Le lendemain, l’animal est debout et ses muqueuses sont rosées. 2 jours plus tard, une hyperthermie (39,5 °C) laisse suspecter une infection ou un rejet consécutif à la transfusion hétérologue. Une couverture antibiotique et anti-inflammatoire est administrée (Histacline(r), 5 ml/j par voie intramusculaire durant 3 jours).
→ Les ruminants sont réputés peu sensibles aux anticoagulants, mais les intoxications sont sans doute sous-estimées. En effet, alors que le pic plasmatique du toxique est atteint 1 à 2 heures après son ingestion chez les carnivores, il l’est en plus de 30 heures chez les ruminants, en raison d’un temps de résorption plus long. Les symptômes apparaissent ainsi plus tardivement et de façon moins aiguë.
Cette étiologie devrait faire partie des hypothèses diagnostiques face à un tableau clinique d’anémie, d’hémorragies locales ou d’épanchements hémorragiques avec abattement, voire dyspnée, convulsions ou paralysie. Les ruminants élevés comme animaux de compagnie y sont particulièrement exposés.

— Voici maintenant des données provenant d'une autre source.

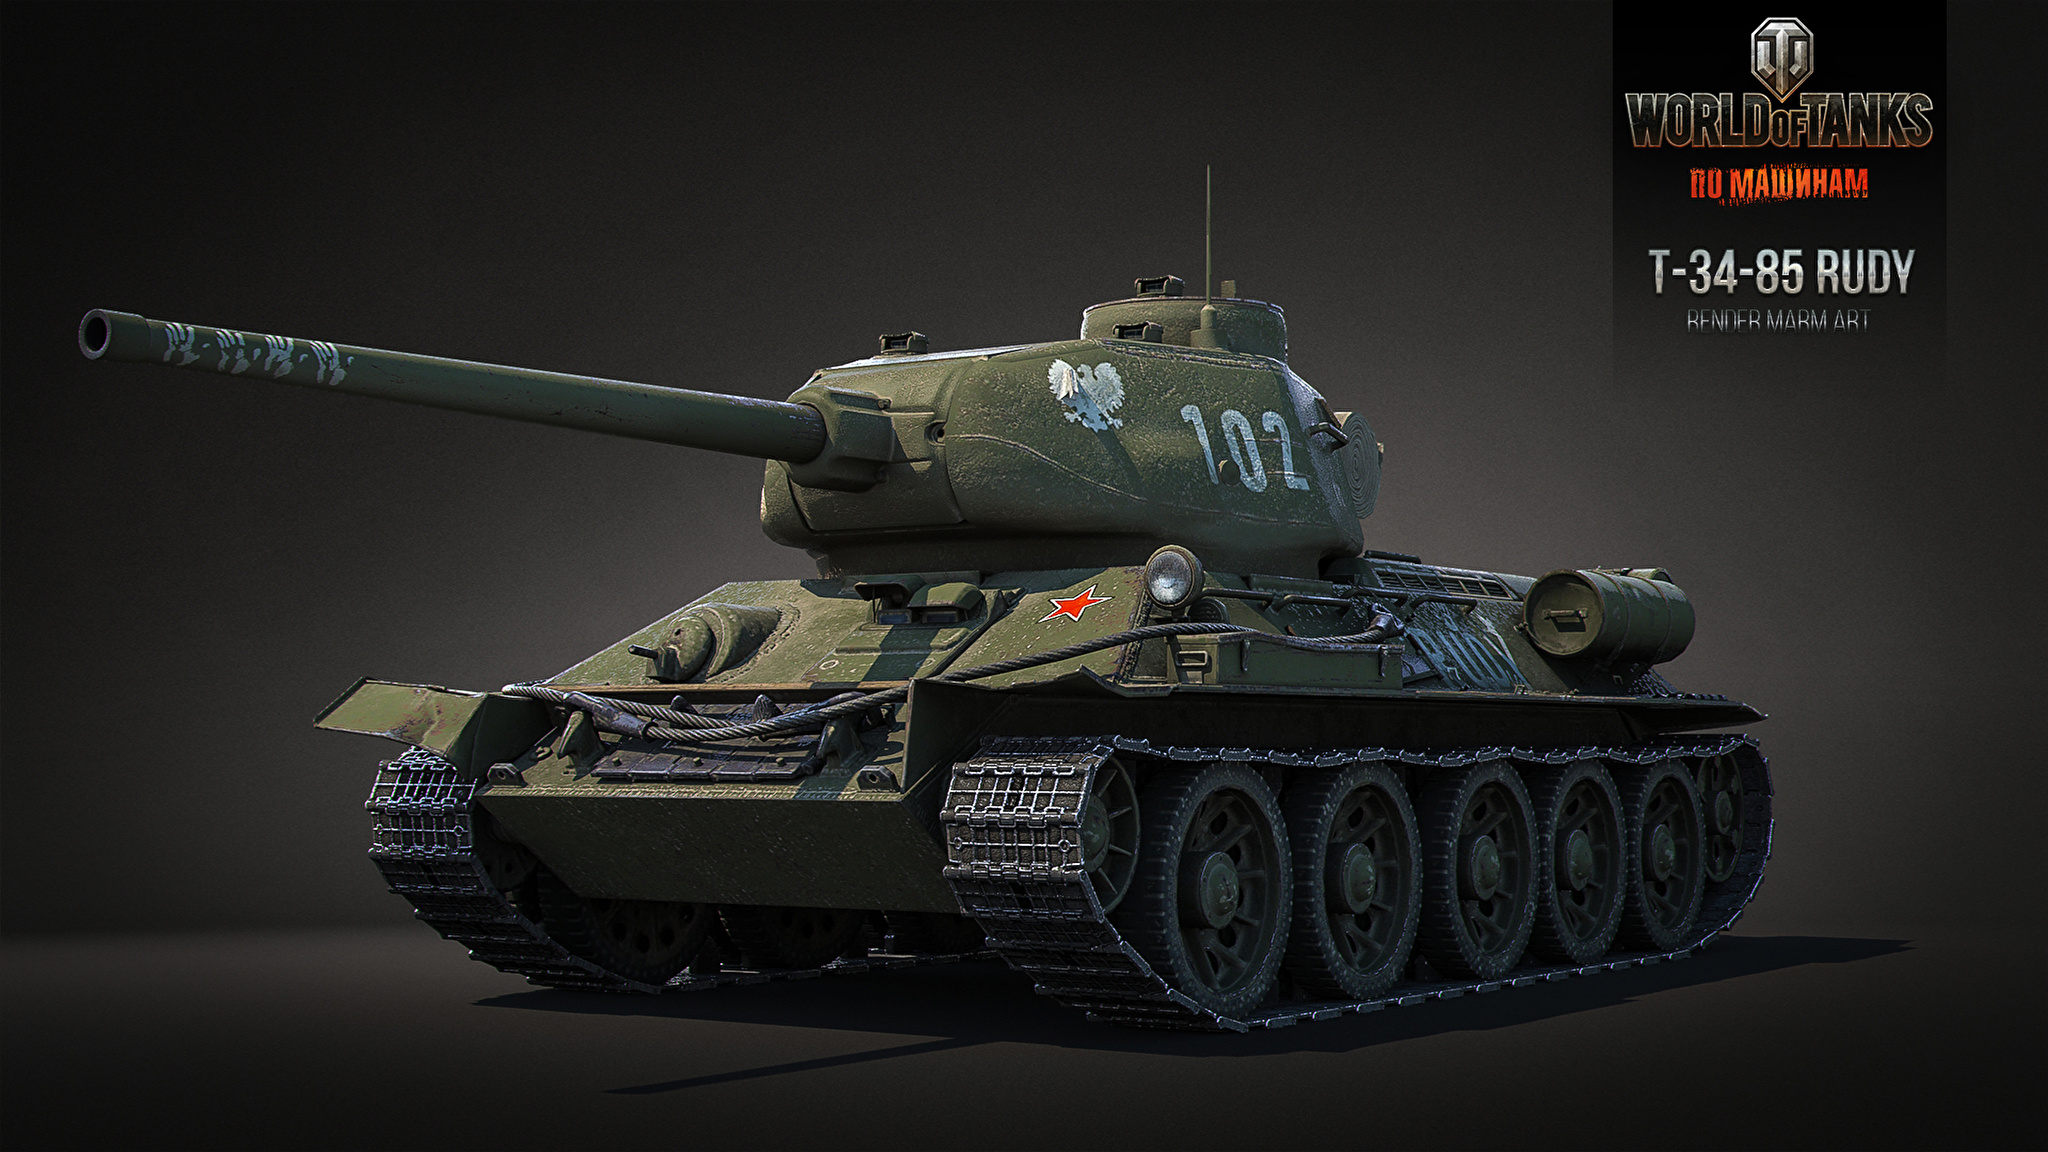 Мир танков советские танки. Т 34 85 Руди. Т-34-85 Rudy танк ворлд оф танк. Т3485 Руди. Т 34 85 Руди World of Tanks.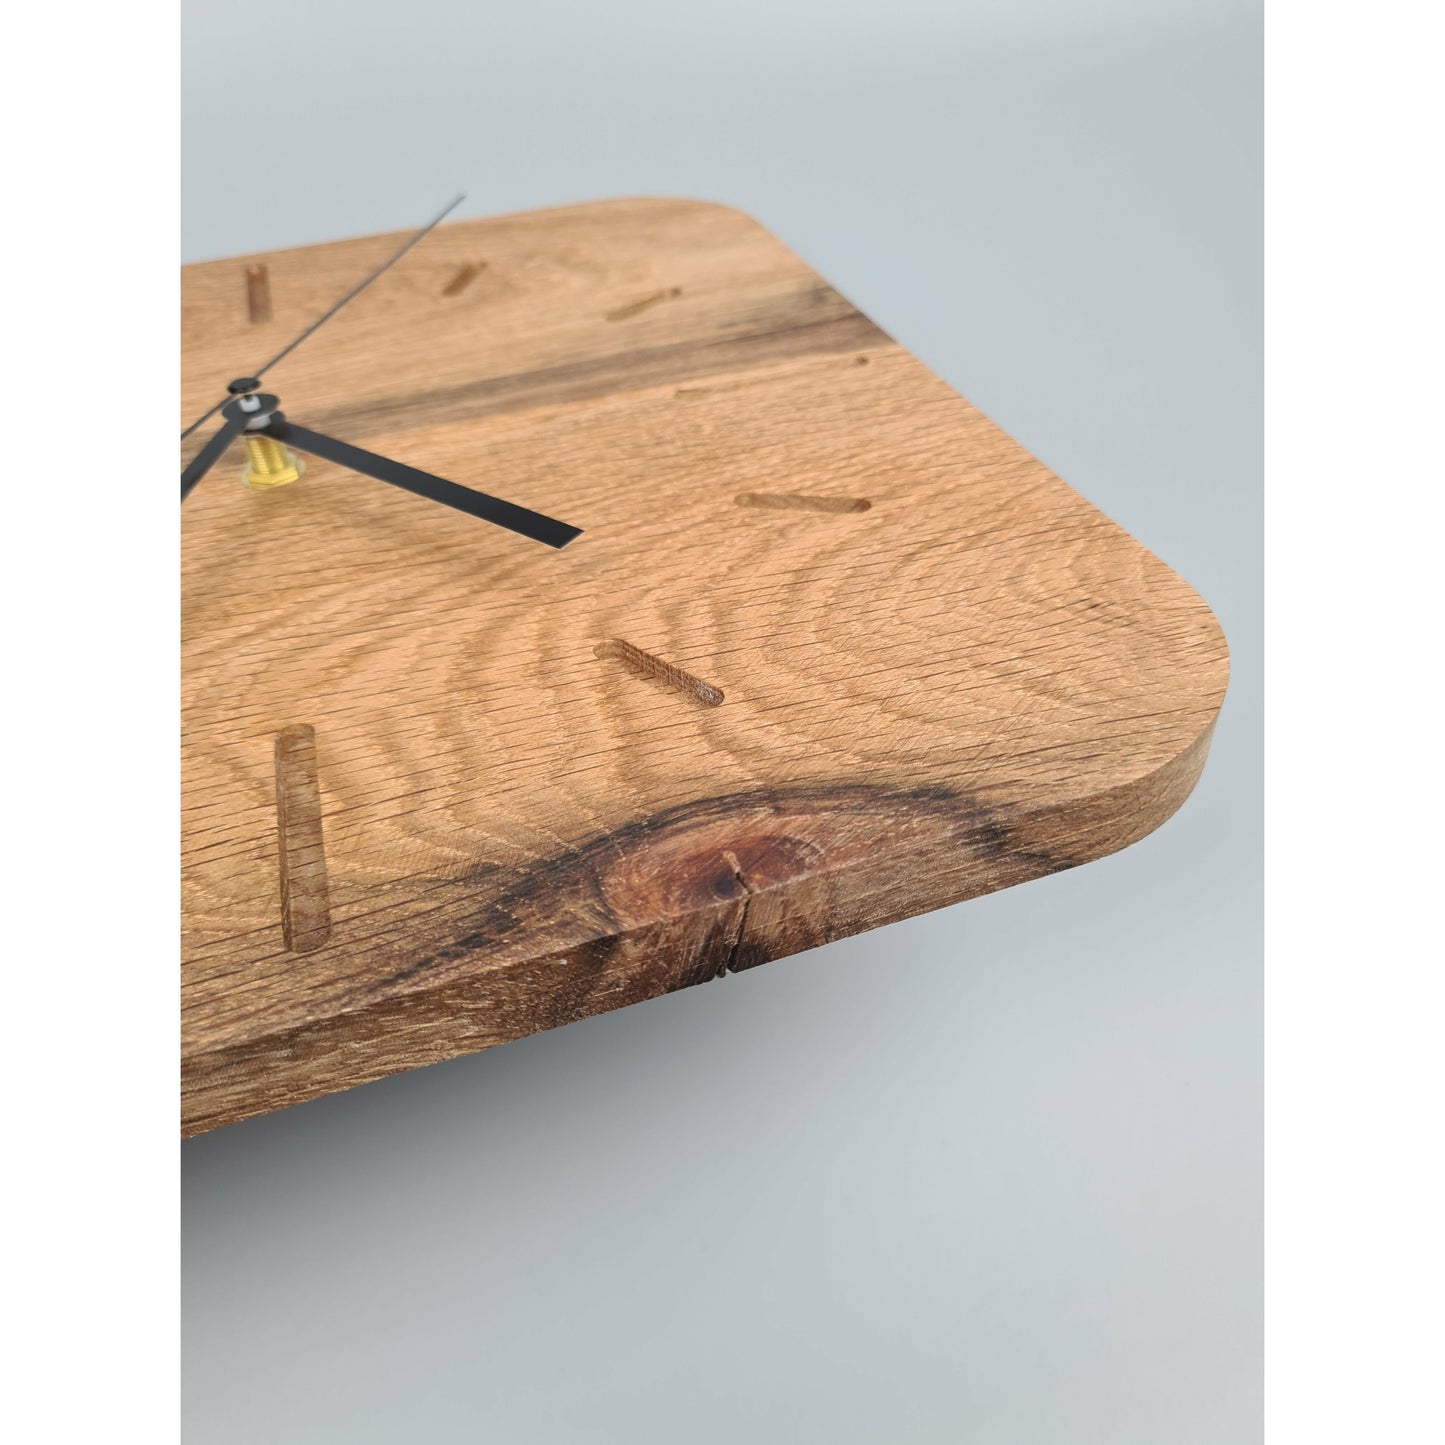 ClockDesignCo 100% Solid Oak Wooden Wall Clock | Large Square Kitchen Clock | Rustic Wall Clock

Dans le cas présenté, c’est le recueil des commémoratifs qui oriente le diagnostic. L’appât du raticide contient un amérisant, mais le goût amer n’est pas répulsif pour les chèvres, et celle-ci avait peut-être tendance au pica, en raison d’une ration alimentaire déséquilibrée.
→ Le traitement des grands ruminants est compliqué à cause du coût des médicaments, de la difficulté de vidanger le rumen et de l’inutilité du charbon activé, trop dilué. Le traitement par les comprimés de vitamine K1 pour monogastriques a été efficace dans ce cas, pour un coût modéré. Forme active, elle est mieux adaptée que la vitamine K3, plus intéressante en préventif.
Le prix de la transfusion est abordable, pour un particulier aussi bien que pour un éleveur. Dans ce cas, seuls 60 ml ont été injectés, car la chèvre présentait une grande agitation, laissant craindre un choc. En dépit d’un pronostic sombre, la mise en place de ce traitement en urgence a été une réussite.